*** Information provided ***

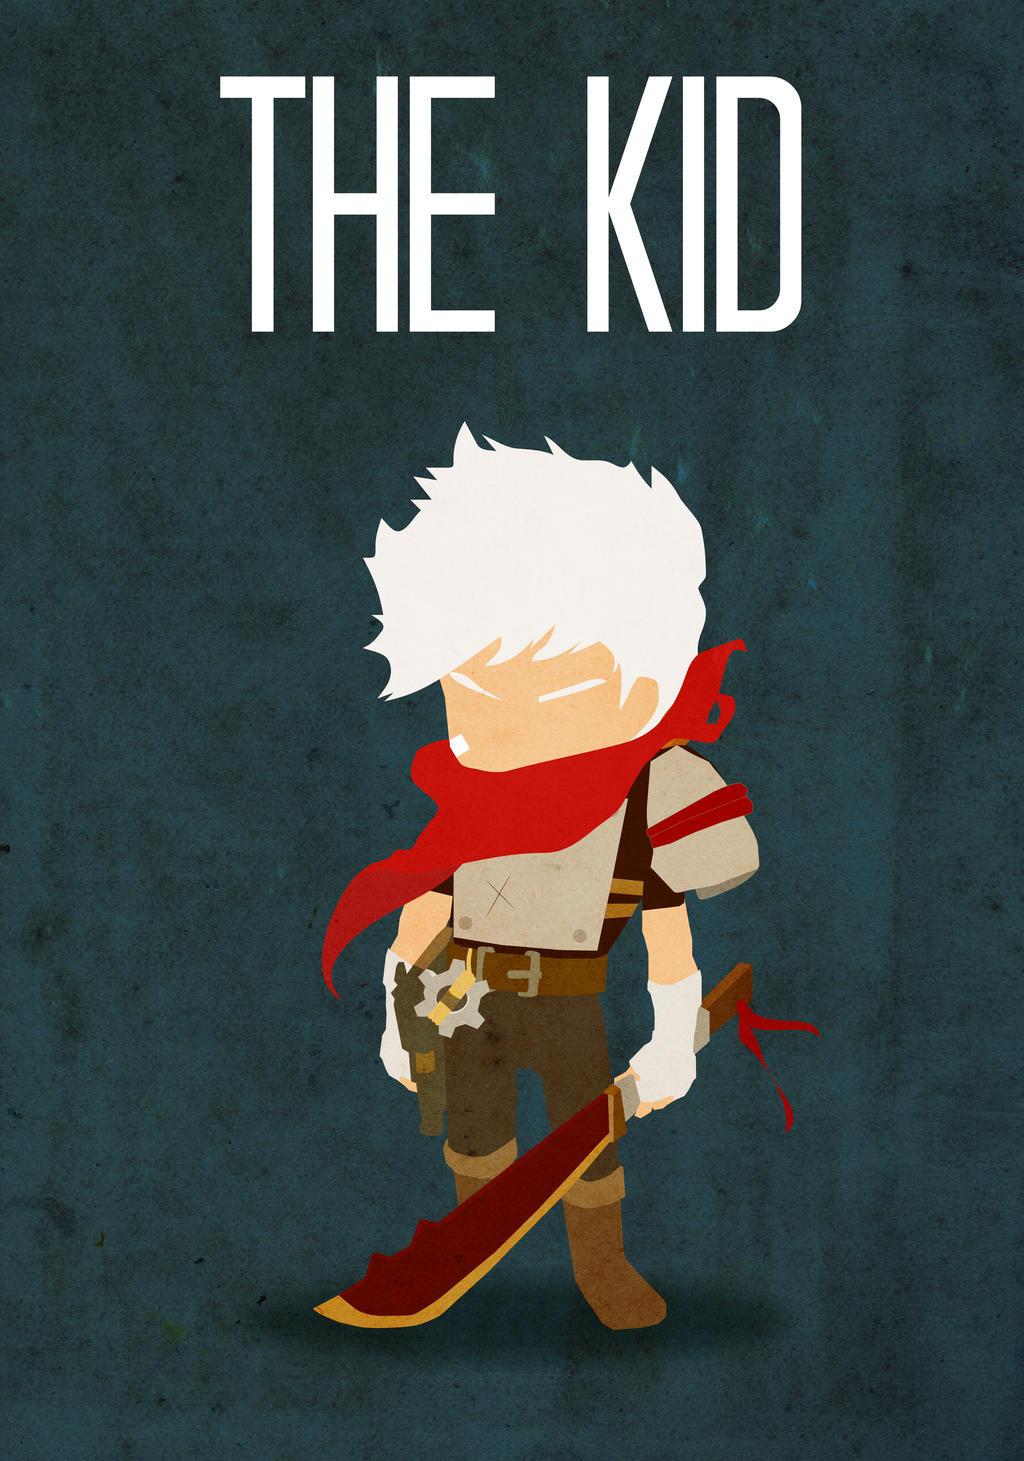 Bastion The Kid by Procastinating on DeviantArt
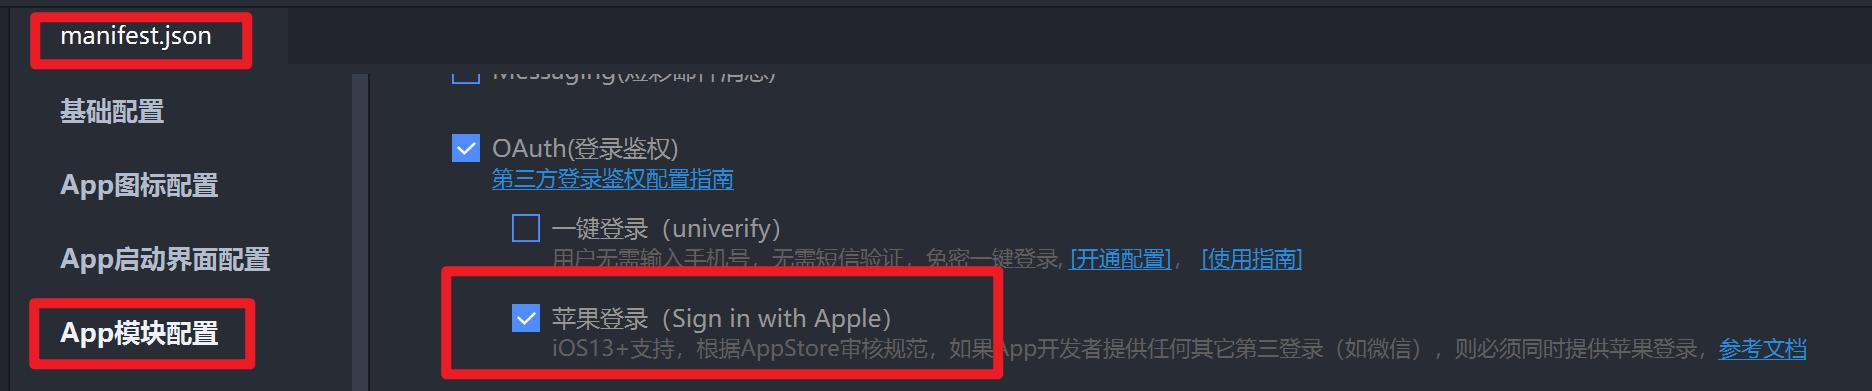 uniapp 苹果授权登录
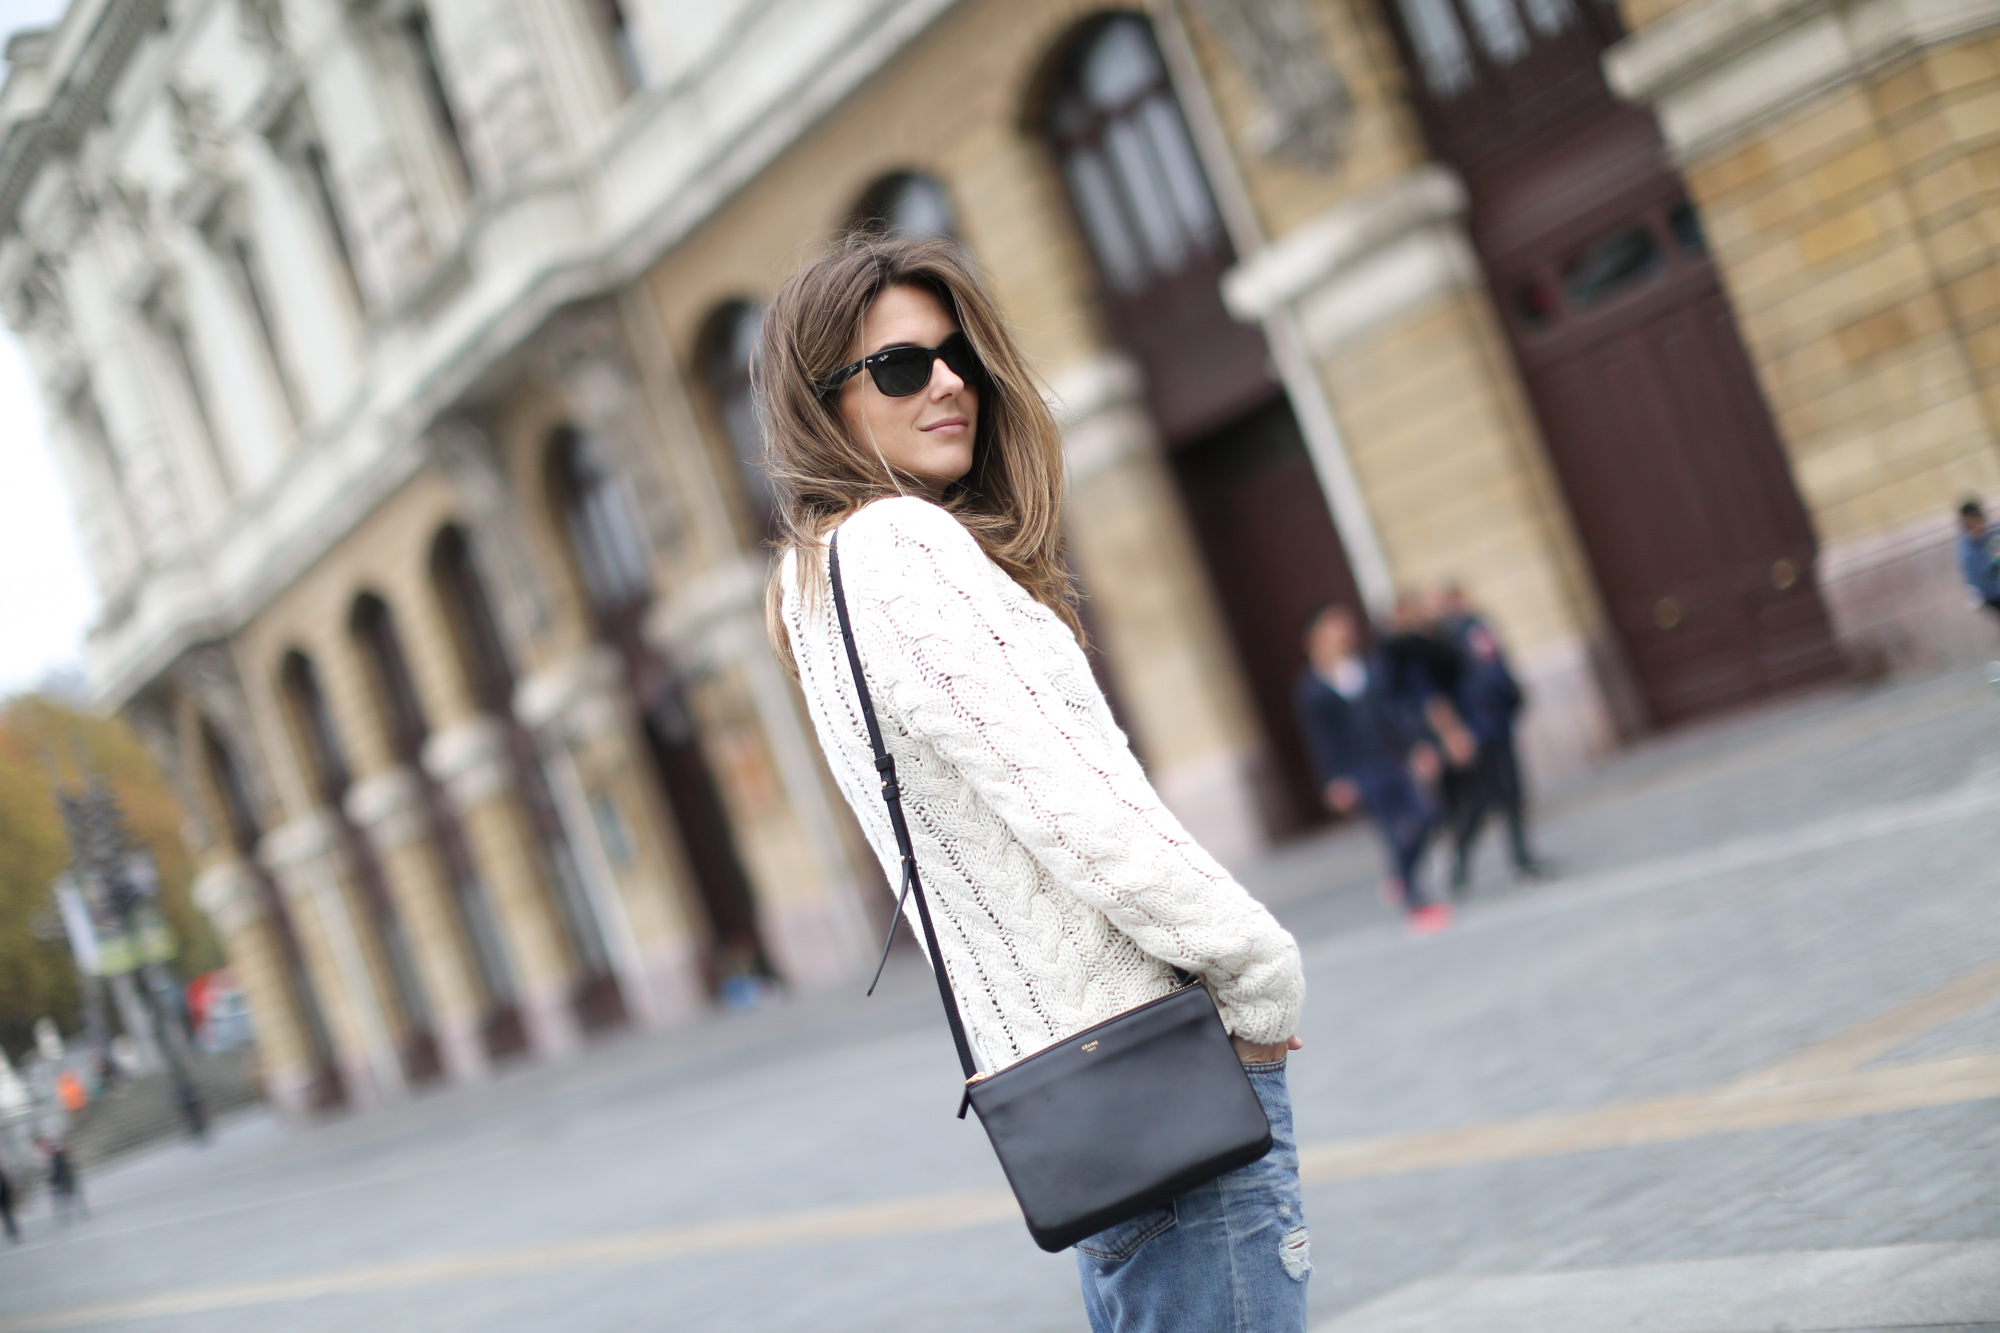 Clochet-streetstyle-isabel-marant-etoile-ellison-parka-acne-studios-jeans-adidas-stan-smith-10

*** End of Information provided ***

With the pictures removed, return the listing above in its exact original wording.

#### Task output:
 Bastion The Kid by Procastinating on DeviantArt
 uniapp 苹果授权登录
 Clochet-streetstyle-isabel-marant-etoile-ellison-parka-acne-studios-jeans-adidas-stan-smith-10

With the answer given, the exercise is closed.